青木●小宮引退後の新キャプテン。江口らが一年生の時には一番一塁手として出場。少し気が弱いが野球は大好き。学業の成績もいい。

ヨーコ●名古屋繁華街の組織の女の子。朱美の留守を守る。江口の相手をしたことがきっかけで江口の相談役となる。朱美が売春組織を辞めてデパートに就職したことに触発され、料理人の道を目指す。

夏美●中学時代から高校へと続く岩城の恋人。女子ソフトボール部の実力者。中学時代の里中を知っており、田山や岩城に、その才能を伝えた。甲子園球場周辺で朱美と知り合い友人になる。

黒沢秀●江口、矢吹の一学年下の新入生。抜群の運動神経と野球経験を持ちつつ、学科成績も優秀。レギュラーに抜擢される。

滝一馬●黒沢と一緒に好成績を収めた新入生。投手経験もあり江口に次ぐ青雲の投手になる。

内川亜紀●中学時代から矢吹のクラスメイト。不良少年の矢吹を嫌って避けてきたが、野球にのめりこみ無口になっていく矢吹の姿に惹かれていく。

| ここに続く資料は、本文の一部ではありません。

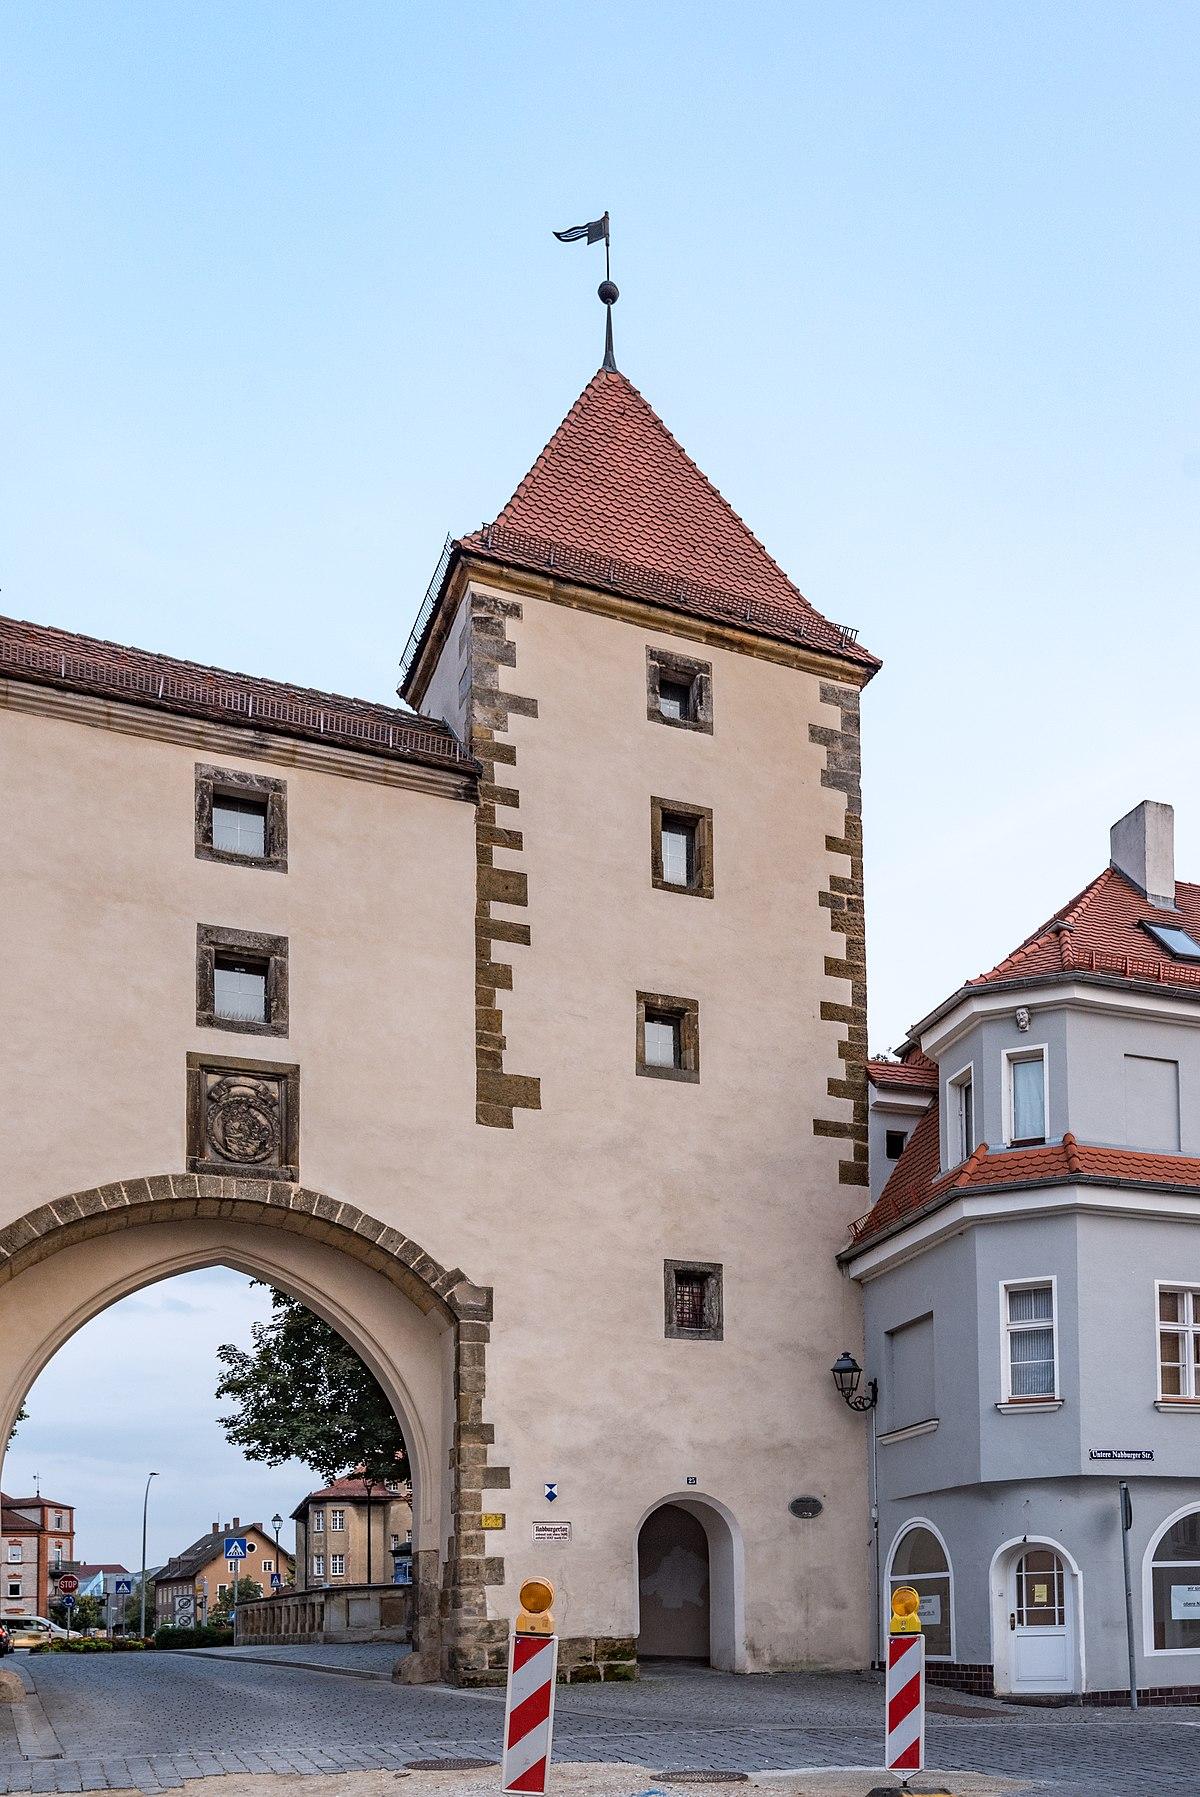 File:Amberg, Stadtbefestigung, Hinter der Mauer 25
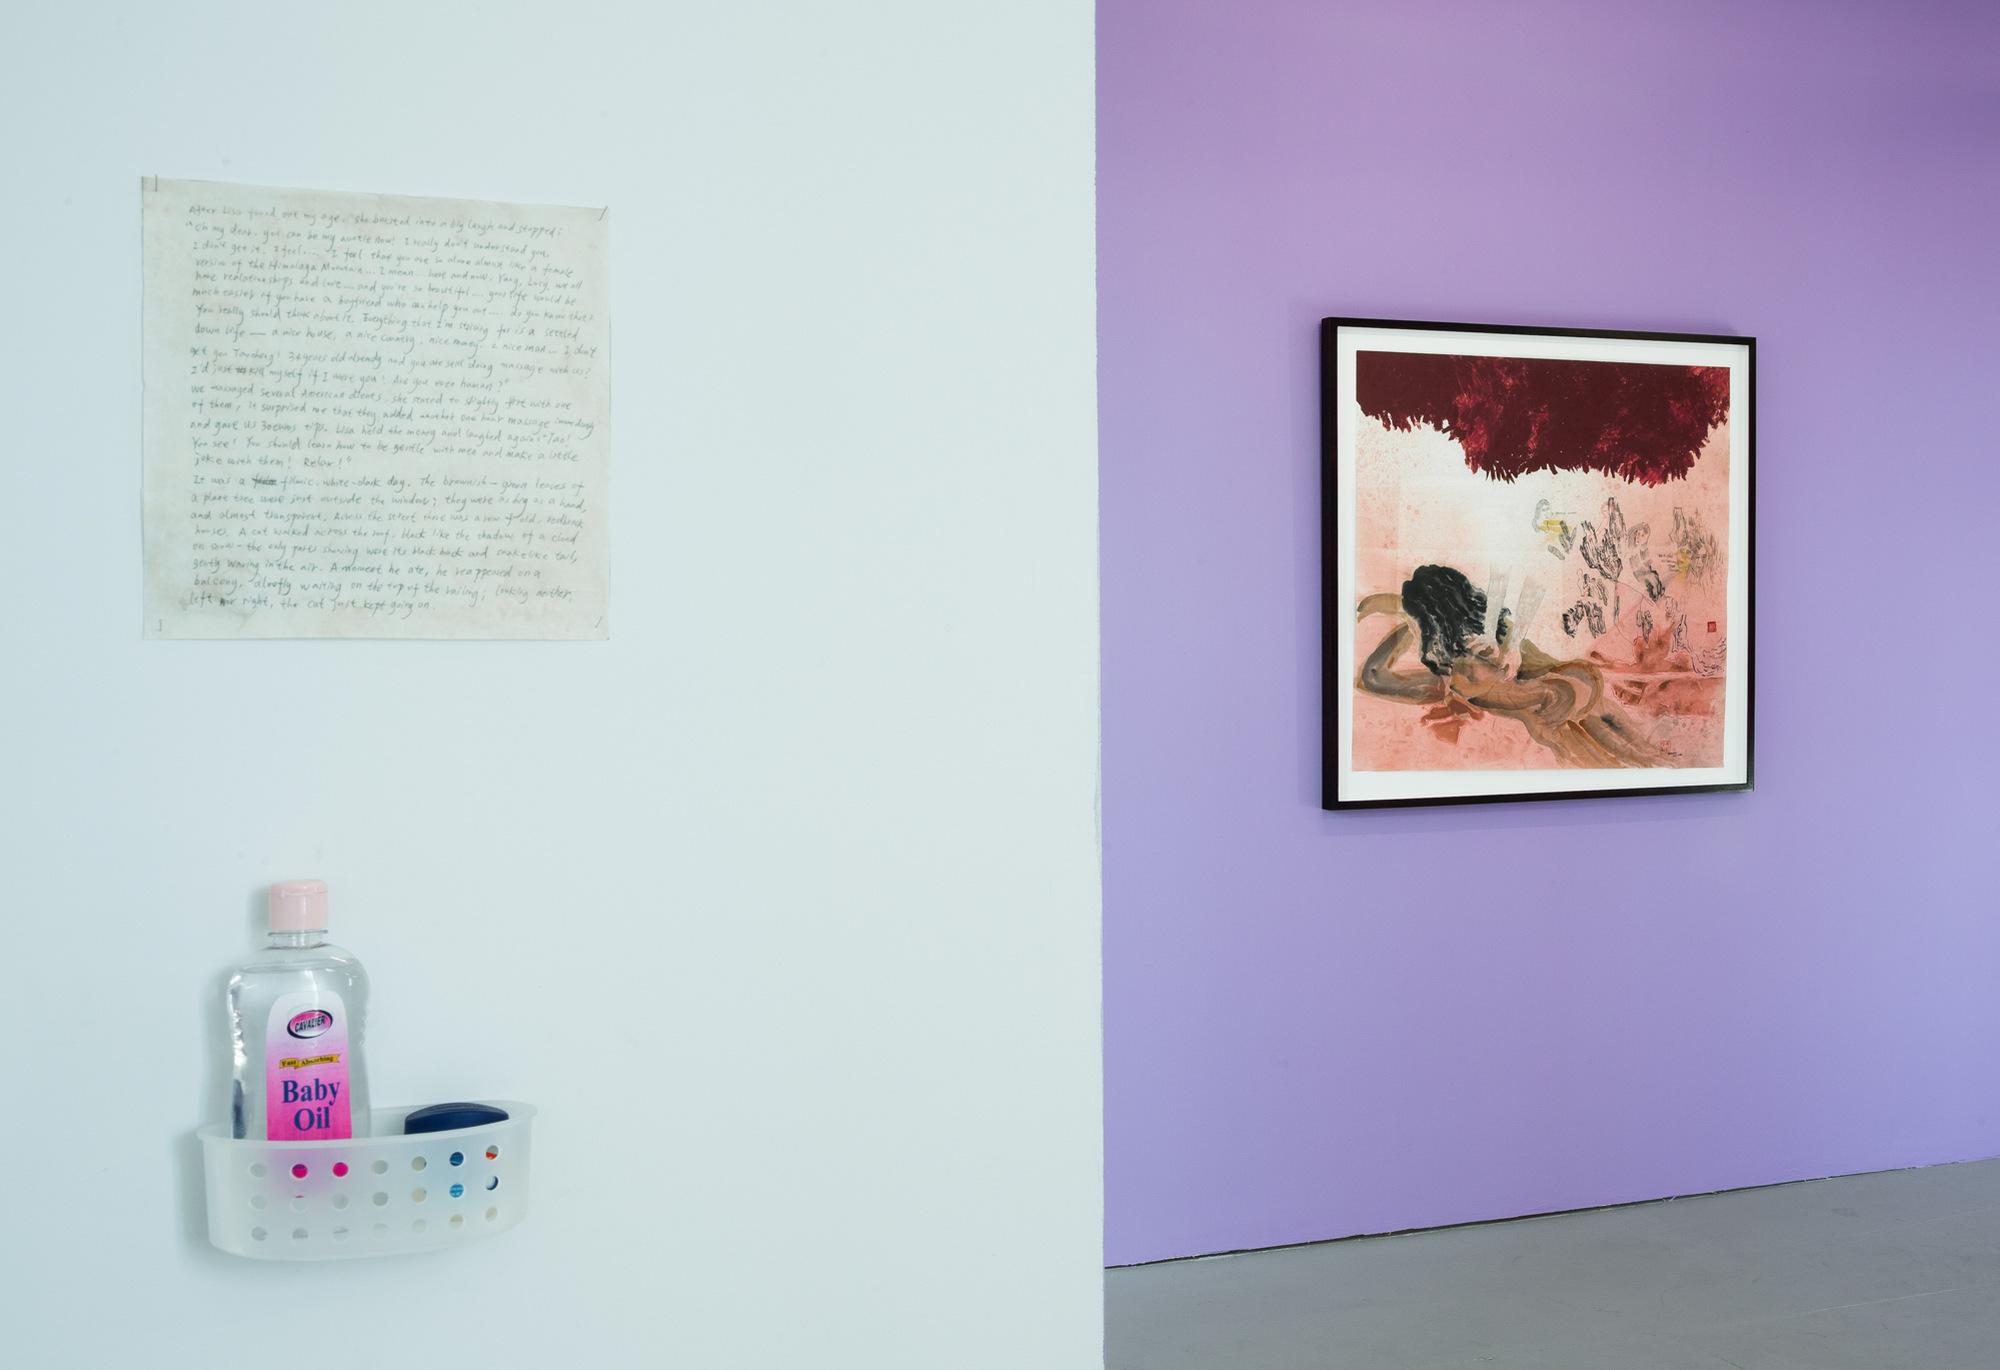 Taocheng Wang_Massage Near Me_Company Gallery_Large Jpegs-44

浜圭一●里中と勝負するために明訓野球部に入ってきた新入生。右のオーバースローで速球派。生意気な性格は、そのままだが里中と並ぶ二枚看板投手に成長する。

池田●浜とは対照的に真面目で純情な新入生。田山を尊敬して入部。小学生に間違えられる小さな体だがキャッチャーとしての技術は高い。

八木●プロ野球界とアマチュア野球界を取り持つフィクサー。怪しげな人物だが常に選手のことを考えている温かい人物。

大田黒●ロシア系とのハーフであるため殿下と呼ばれる森沢高校のエース。実力は疑問視されながらもプロ入りを果たす。

二本松●里中達が三年生の時に入部してきた新入部員。不細工な顔と不恰好な体格だが投手としても打者としても素晴らしい才能を持つ。田山、岩城、馬場の中学時代の後輩であり、先輩達を高校まで追いかけてきた。

加藤弘●愛徳高校野球部員。不良学校の悪だが野球だけは真剣にやる。高校時代は由良明訓に敗れるが、その時の活躍で全丸大のノンプロチームに入団。左投げ左打ちの一塁手。

中間透●加藤と同じ愛徳高校野球部員。加藤よりも明るい性格だが相当の不良でもあった。甲子園では由良明訓に敗れたものの加藤と一緒に全丸大に入団。右投げ右打ちの三塁手。

高山志朗●全丸大のエース。里中よりも二歳年上で一年生の時の夏の甲子園では対戦はないものの出場していた。剛速球の持ち主だが四球で自滅する敗戦が多く、プロからの打診はあっても入団拒否をし続けている。後に里中に触発されて宝塚ブレイブに入団する。

湯川勝●江口らがプロ一年目で苦闘する71年。栃木県の柵新学院の進学クラスに突然現れた怪物ピッチャー。アマ、プロ球界を引っ掻き回す裏主人公。

湯本武●高校時代は甲子園出場を決めながら不祥事による出場停止。大学では四年時に監督との大喧嘩で退部。里中の入団拒否の代替でロビンスに入団。悲劇のピッチャーと呼ばれているが、明るく柄の悪いインテリヤクザ。